Everything in the listing below has to be repeated exactly, except the pictures.

> _Given material_:
· · · · · · ·
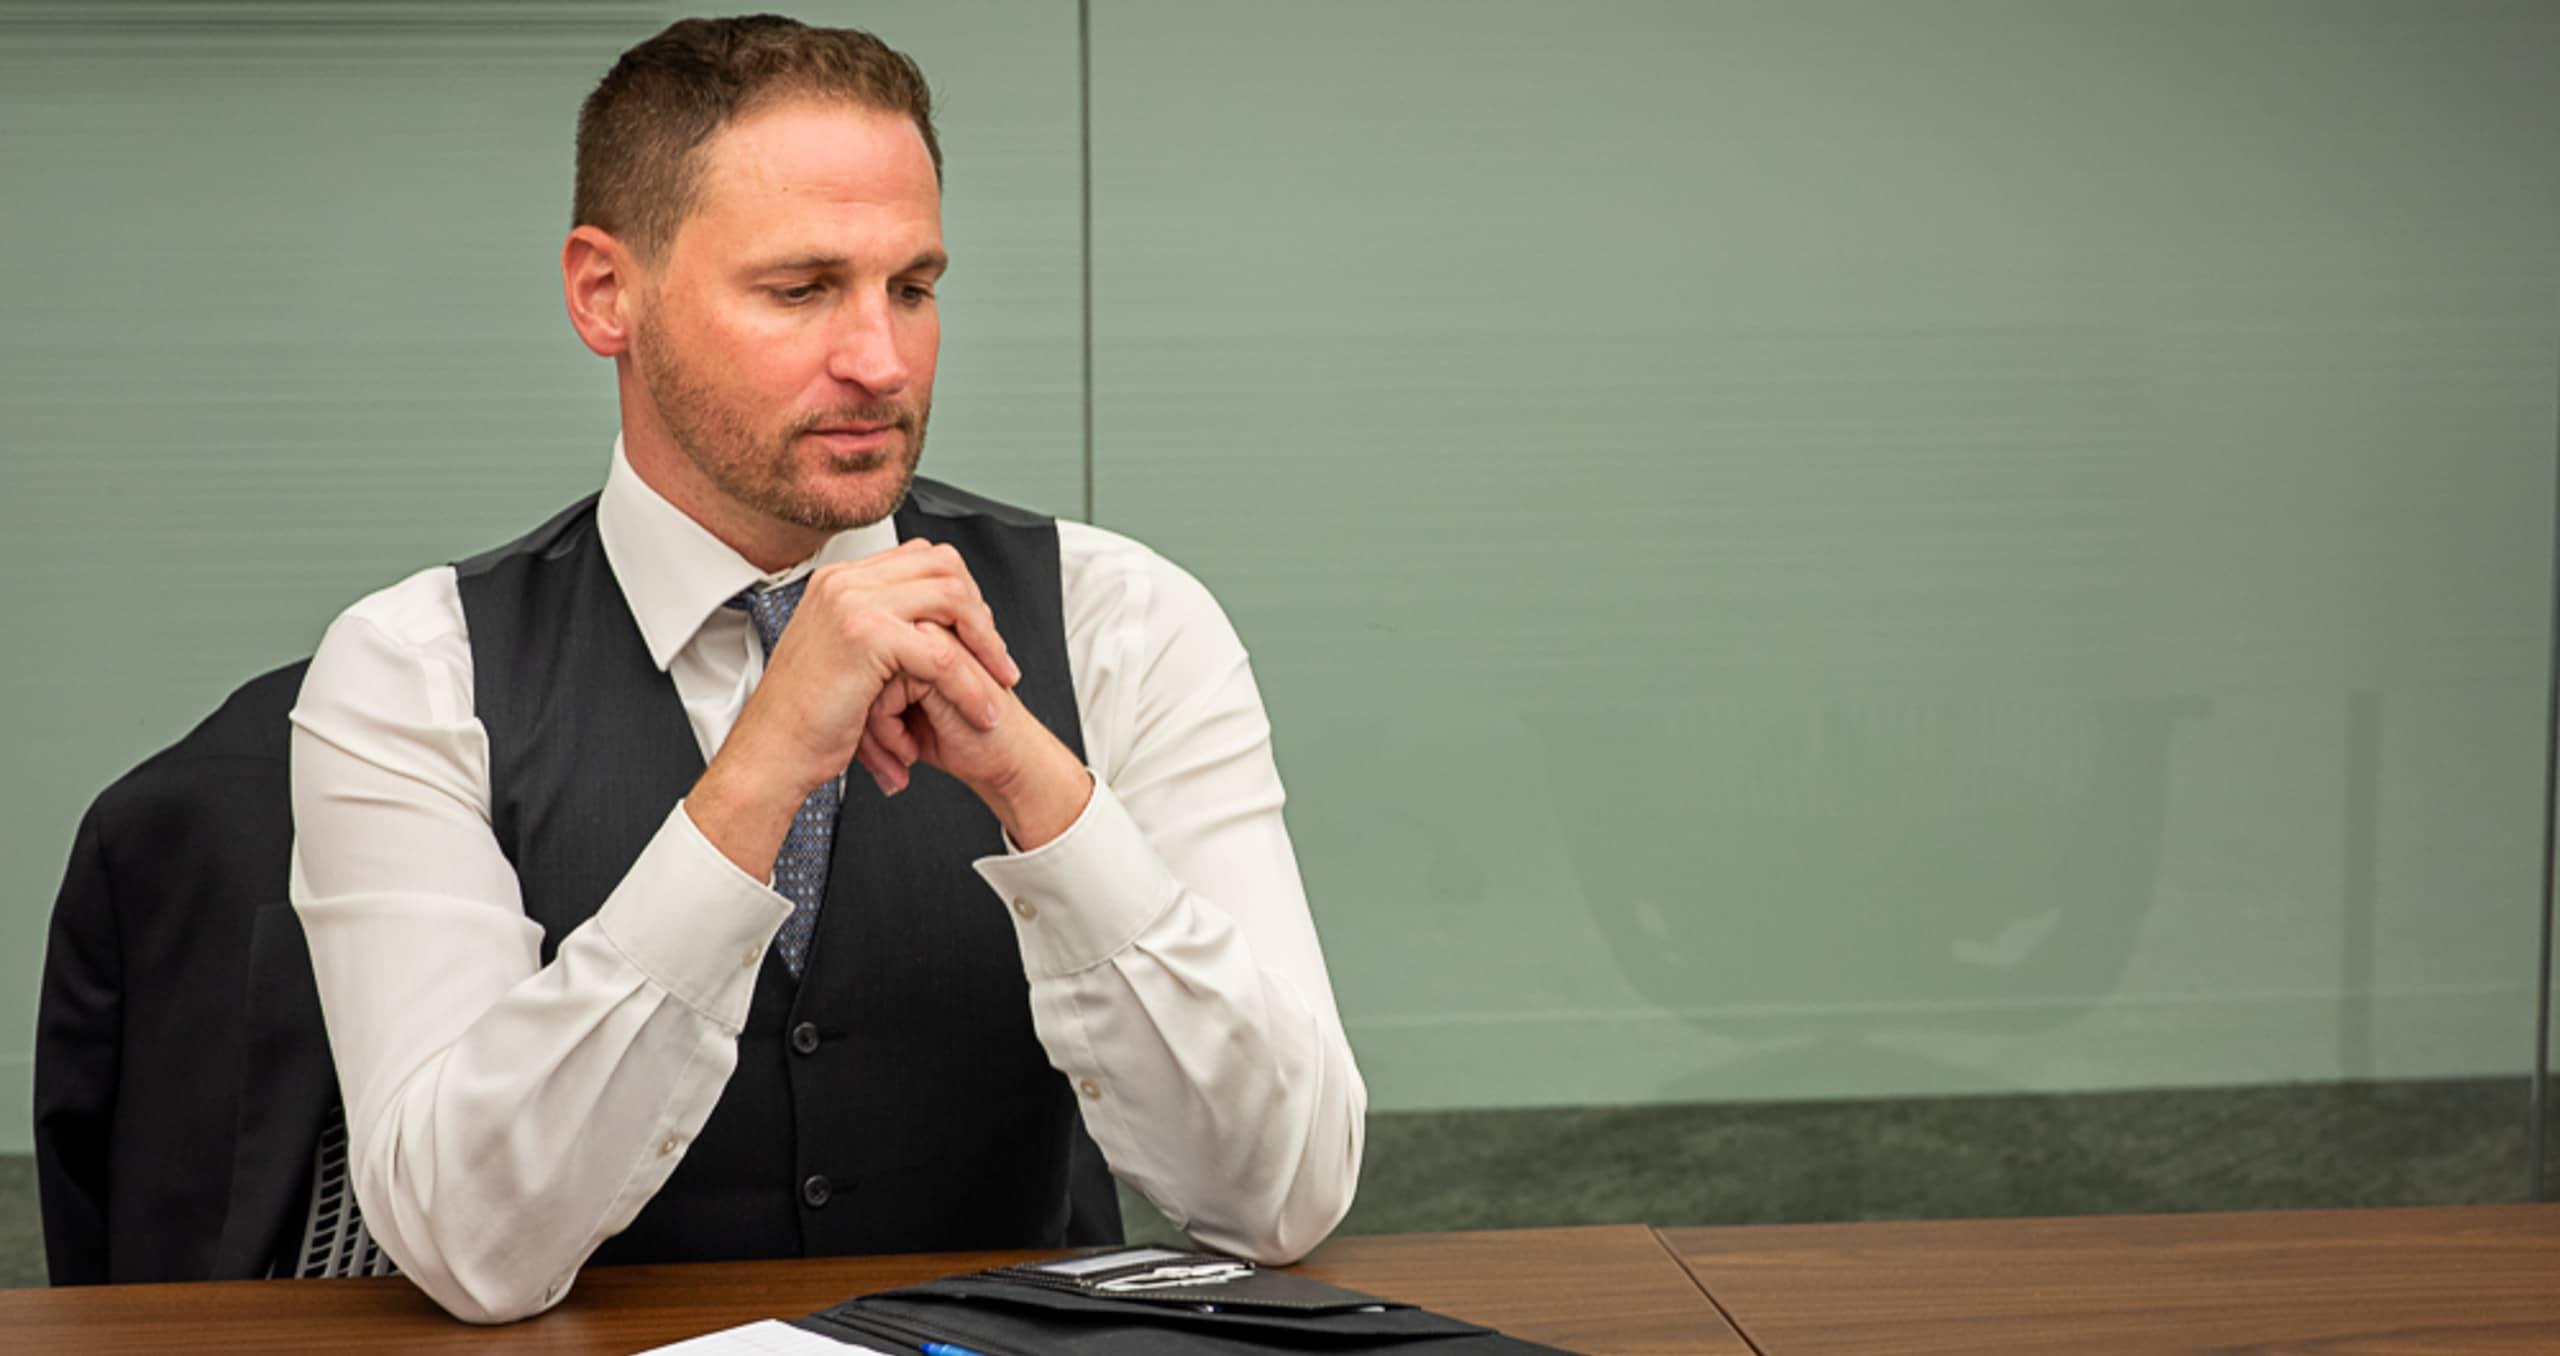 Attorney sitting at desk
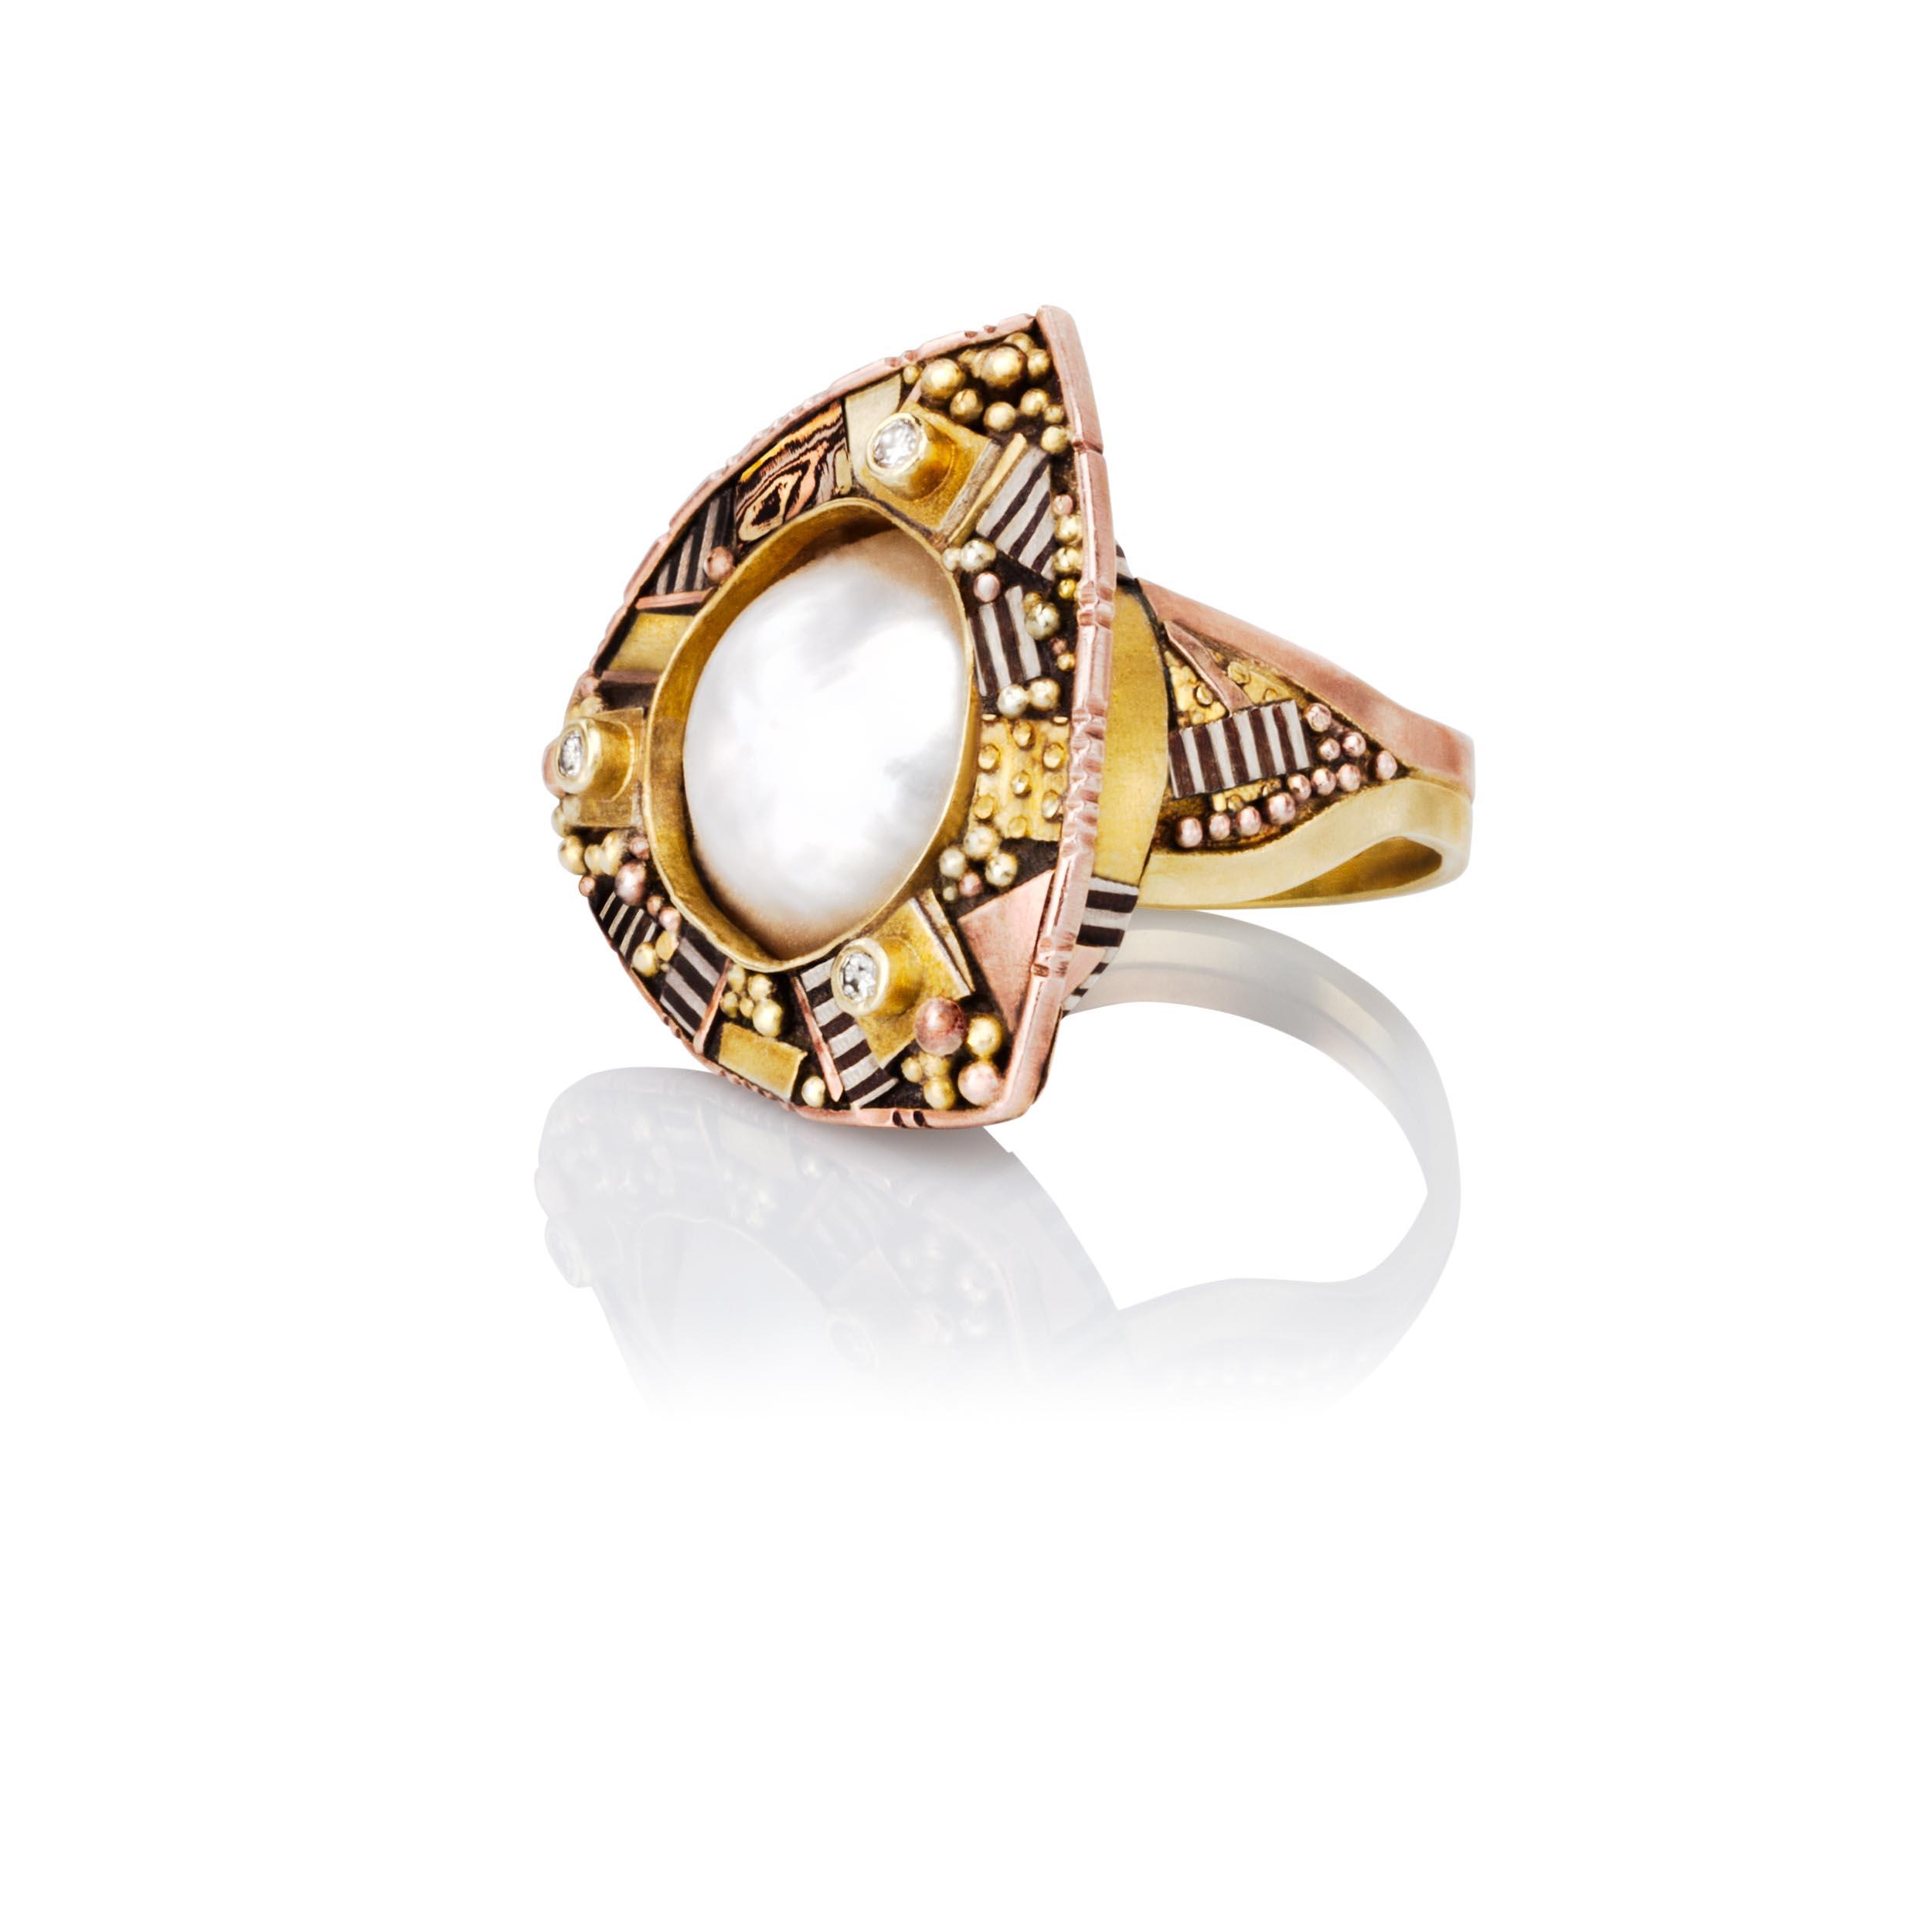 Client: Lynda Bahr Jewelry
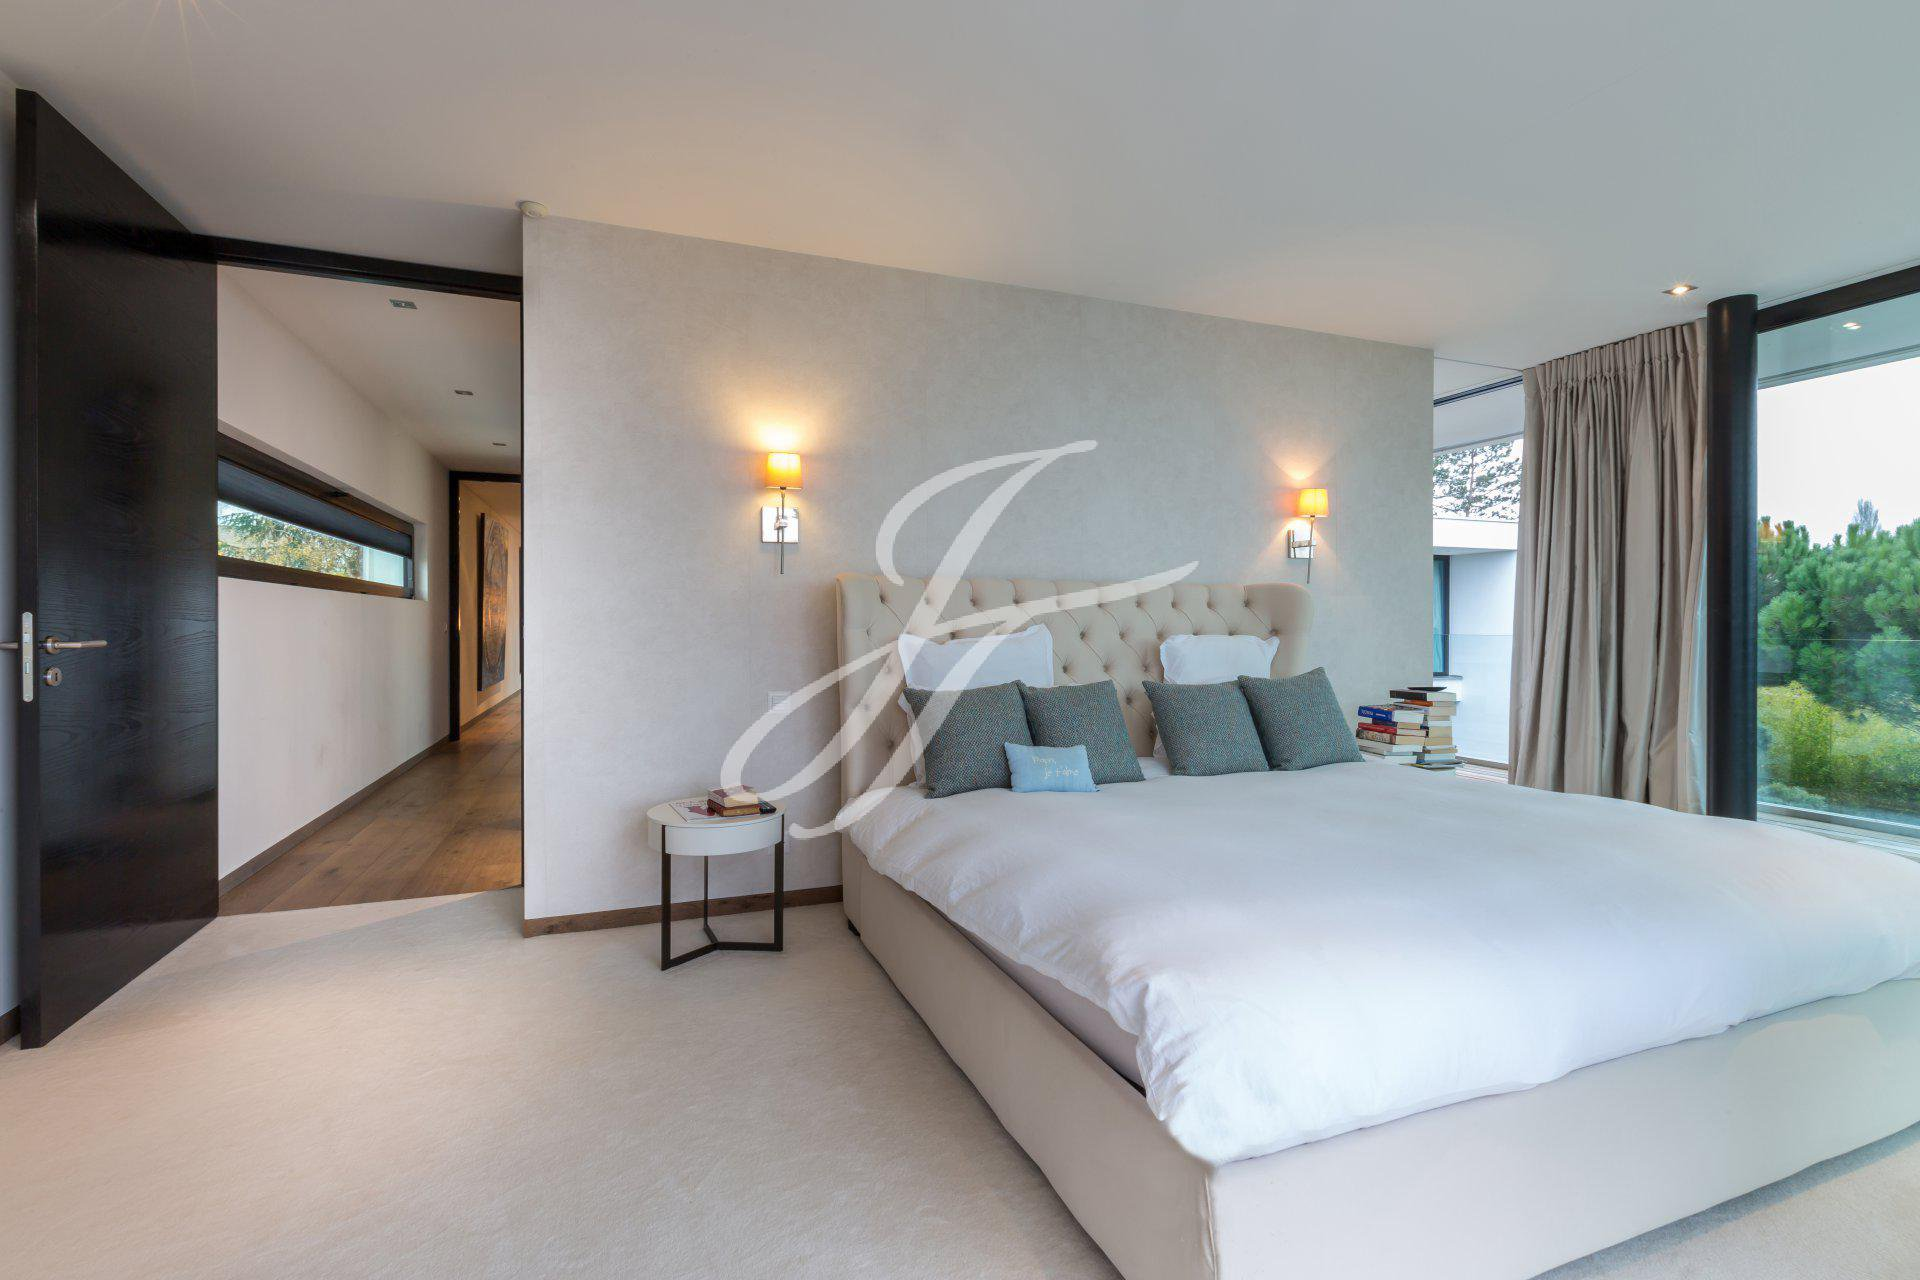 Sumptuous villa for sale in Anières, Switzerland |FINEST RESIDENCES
· · · · · · ·
> _Expected answer_:
 Attorney sitting at desk
 Client: Lynda Bahr Jewelry
 Sumptuous villa for sale in Anières, Switzerland |FINEST RESIDENCES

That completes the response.